Opinion guest column

Free Palestine

A letter to Palestine from Indigenous Black America

I stand in solidarity with you. My heart longs for you. I know what it is to be oppressed. I know what genocide is; I have felt the generational consequences of its violent manifestation. I have had to lick my own wounds, because the world was not yet wise enough to know my plight and act righteously. I know what it is to be forcibly displaced, to be silenced and censored, to be hungry and thirsty and sick and denied food and water and help. I know what it means to have my acts of self-defense spun in a narrative to justify an oppressor’s violence. I know what it means for the world to ignore what I declare with truth because it is too busy thinking about what those with power and resources have said. I know fear politics and I know the challenge of combating its attractive call in a world proselytizing fear and lies.

I know, because despite our different countries, contexts, and conditions, you and I are bound together, and thus our liberation is tied to that of each other. I cannot think of my own displacement and not think of you. I cannot think of my own genocide and not feel my own and yours together. The world’s neglect of you is a sign that they never really learned from me. They would much rather see apartheid and colonialism persist in the world without critique, untouched.

Free Palestine!

I know that you are burying your dead if you are able to do so, healing your wounded, feeding your hungry, healing your sick, clothing your naked, and defending your humanity and your right to exist on the land you and your ancestors lived, loved, and thrived on — a land now occupied by the Israeli government, which is funded by the United States. Even in writing about you, I find myself mulling over the words of Toni Morrison: “Language can never pin down slavery, genocide, war, nor should it yearn for the arrogance to be able to do so. Its force, its felicity is in its reach toward the ineffable. Be it grand or slender, burrowing, blasting, or refusing to sanctify, whether it laughs out loud or is a cry without an alphabet, the choice word, the chosen silence, unmolested language surges toward knowledge, not its destruction.”

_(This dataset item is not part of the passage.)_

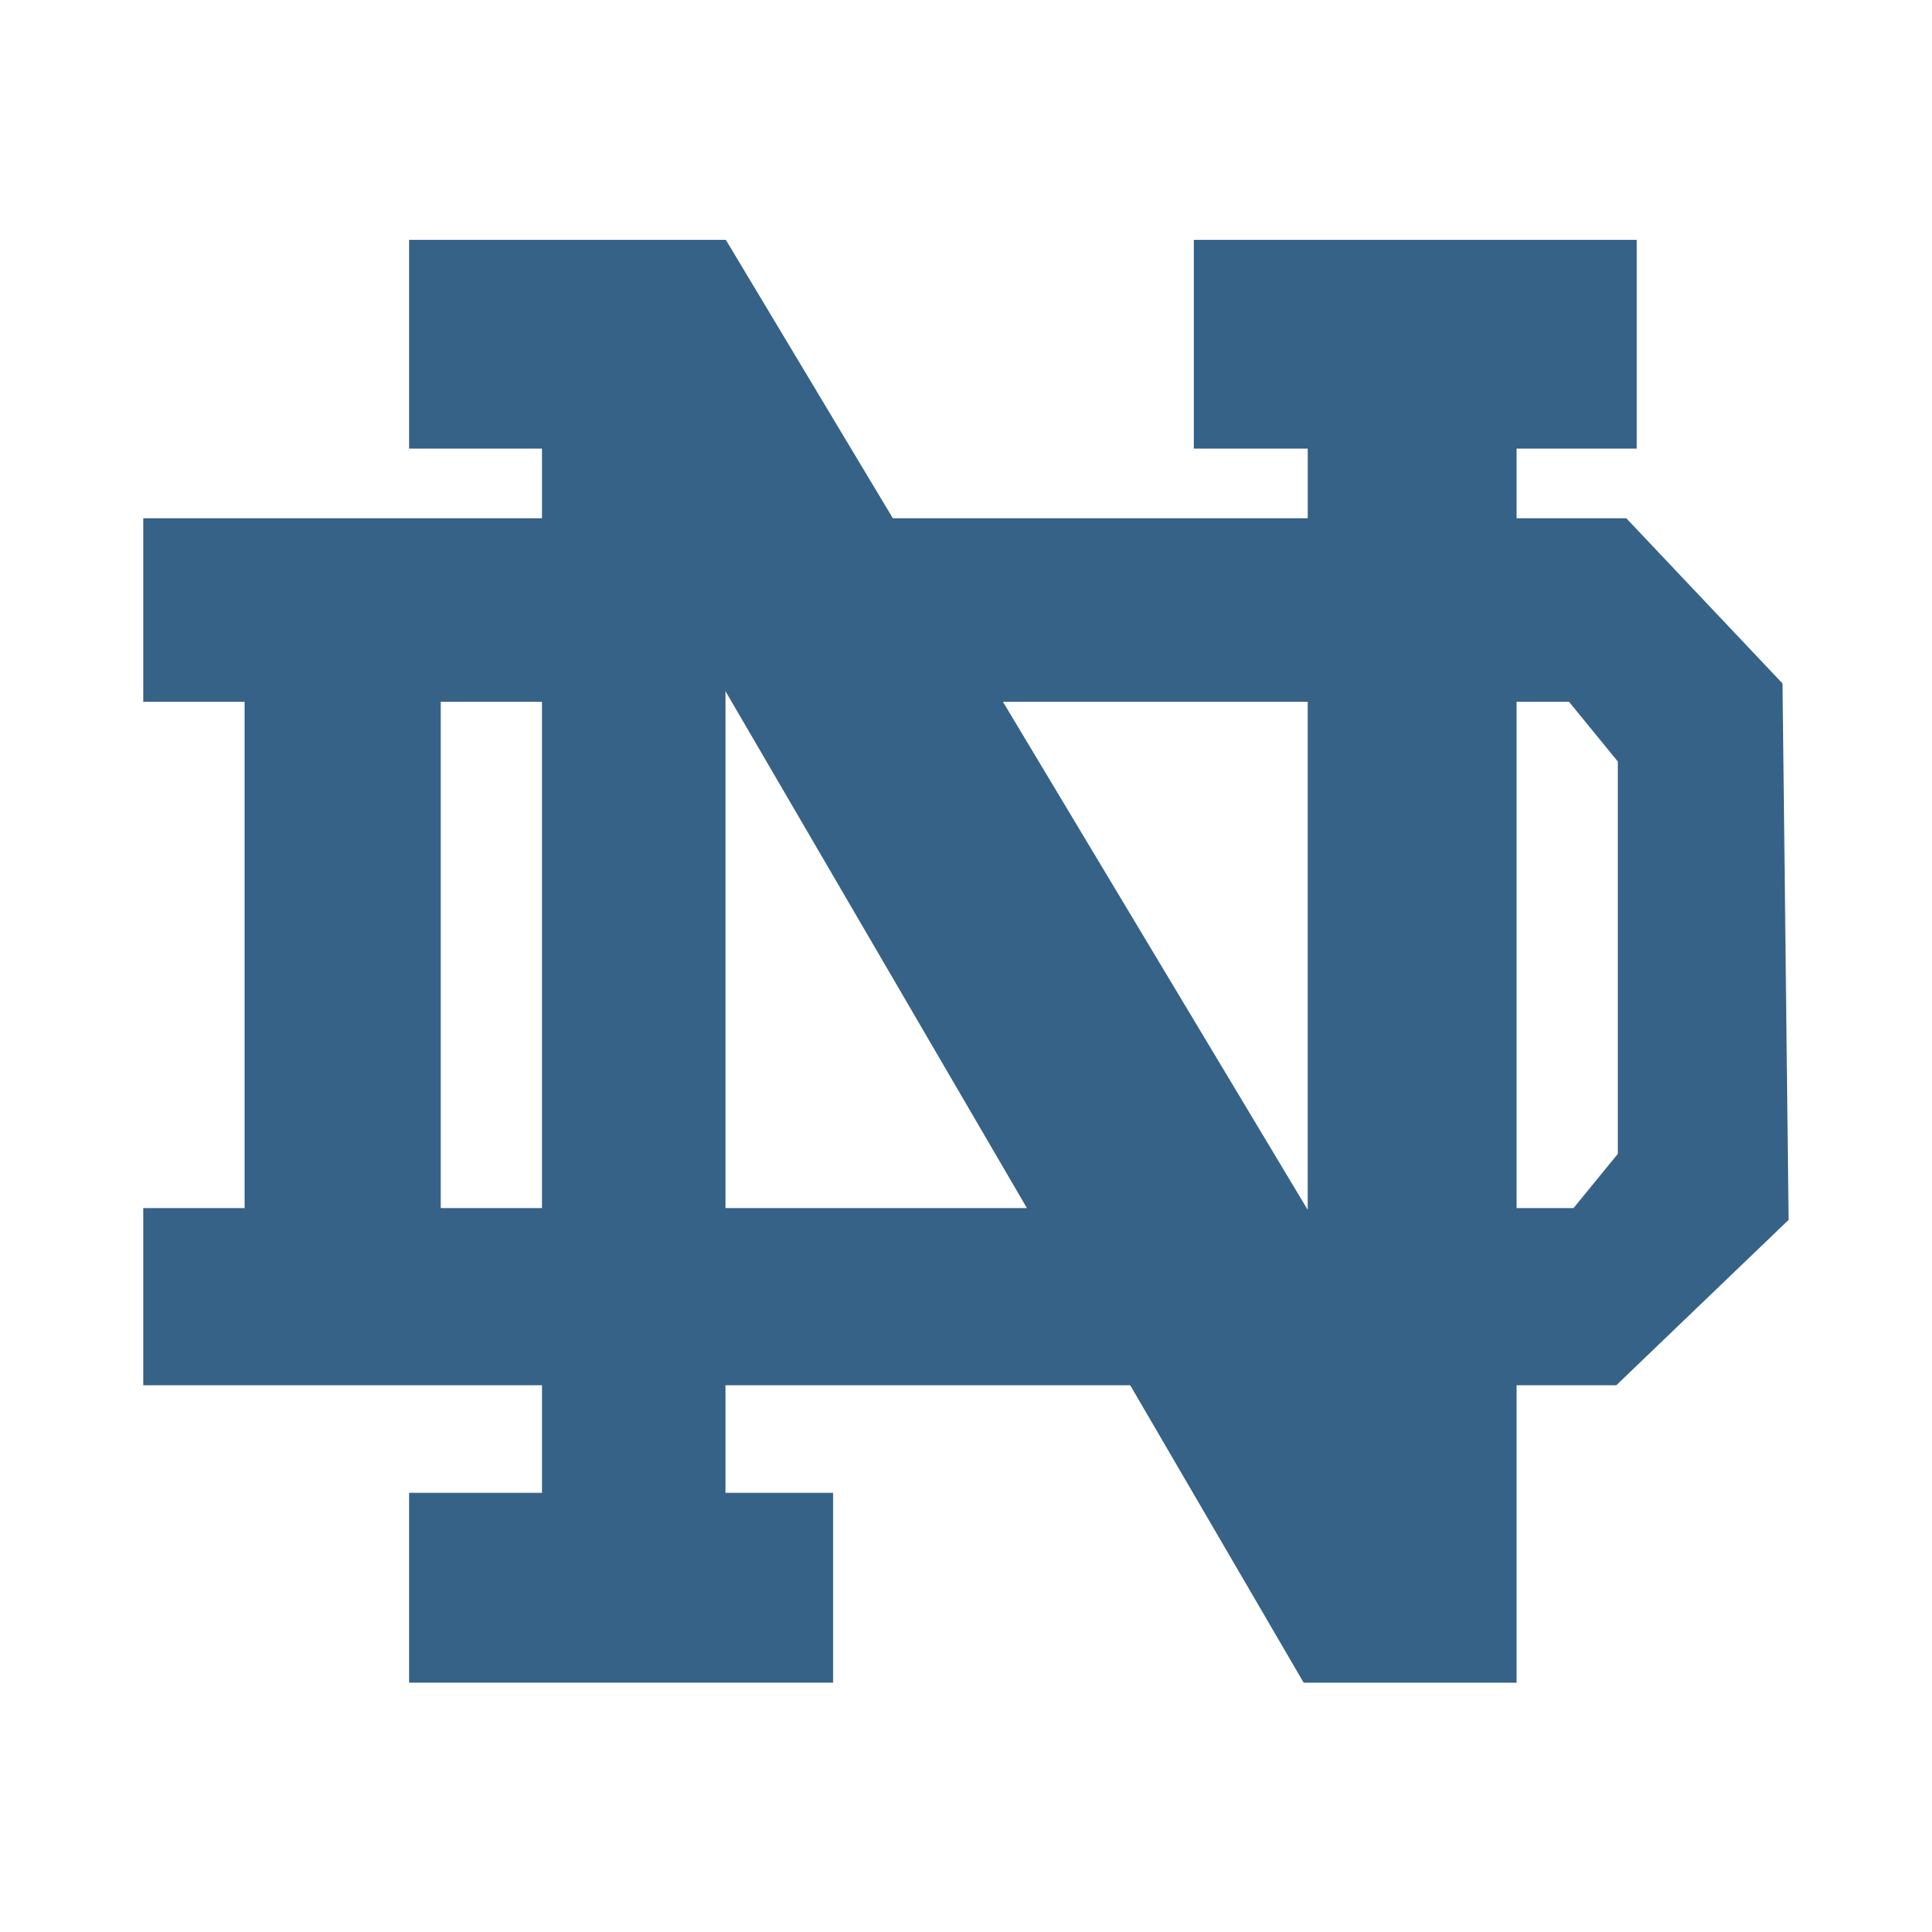 Notre Dame Logo - Notre Dame Fighting Irish Logo PNG Transparent & SVG Vector ...
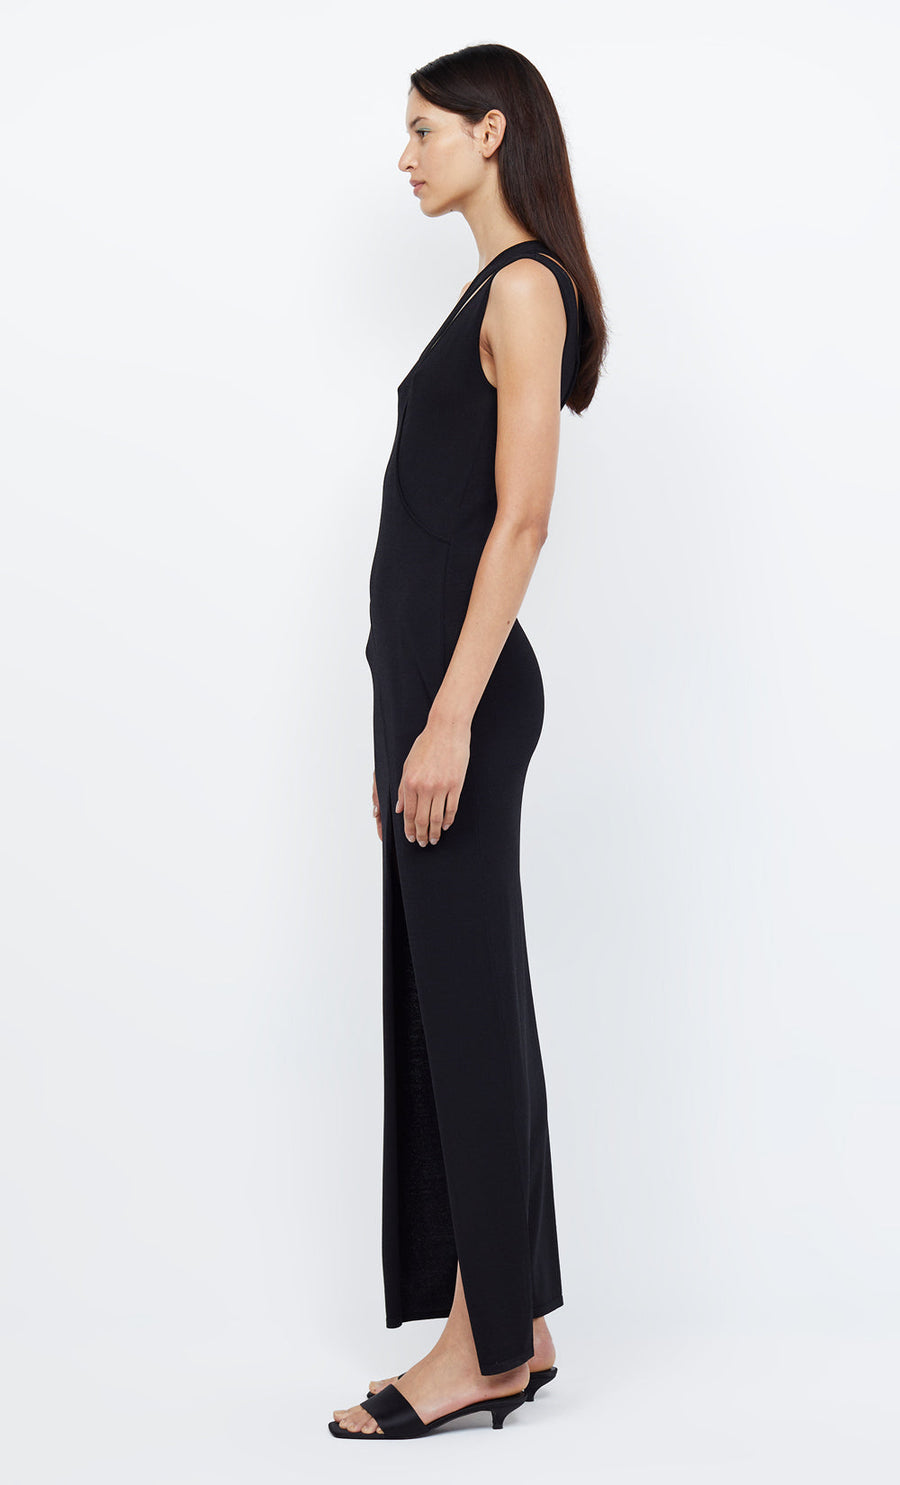 BEC + BRIDGE - Mira Aysm Knit Maxi Dress in Black

So, to heed Morrison’s lessons, I do not want to attempt to explicate all that you are experiencing. What I want to do is offer you hope in solidarity. I want to offer you hope that stems from the tradition of liberation movements in the world. There was a time when the plight of the tribes who lived on the land occupied by the United States went unheard. There was a time when the plight of the descendants of enslaved Africans become African-Americans went unheard. Do not judge the size of the wave by the perceived shallowness of the tide. This battle is not over. With every person arriving to knowledge of your plight and convicted to act even in the midst of language like “conflict,” “both sides,” and other neutralizing terms which minimize what is happening, your movement, which is our interconnected movement, continuously grows stronger.

So, Palestine, I tell you that you are forever in my heart. I will not forget you. I will fight with you. 

Brick-by-brick, wall-by-wall, apartheid has to fall!

From the river to the sea, Palestine will be free! 

Palestine will never die! Palestine will never die!

In solidarity,

A child of the Mattaponi, Pamunkey, Chickahominy, and enslaved Africans become African-Americans,

Kelvin Green II

Kelvin Green II ’22 is a member of Chocolate City and the Rho Nu Chapter of Alpha Phi Alpha Fraternity, Inc. and the outgoing Assistant Officer on Diversity for the Undergraduate Association.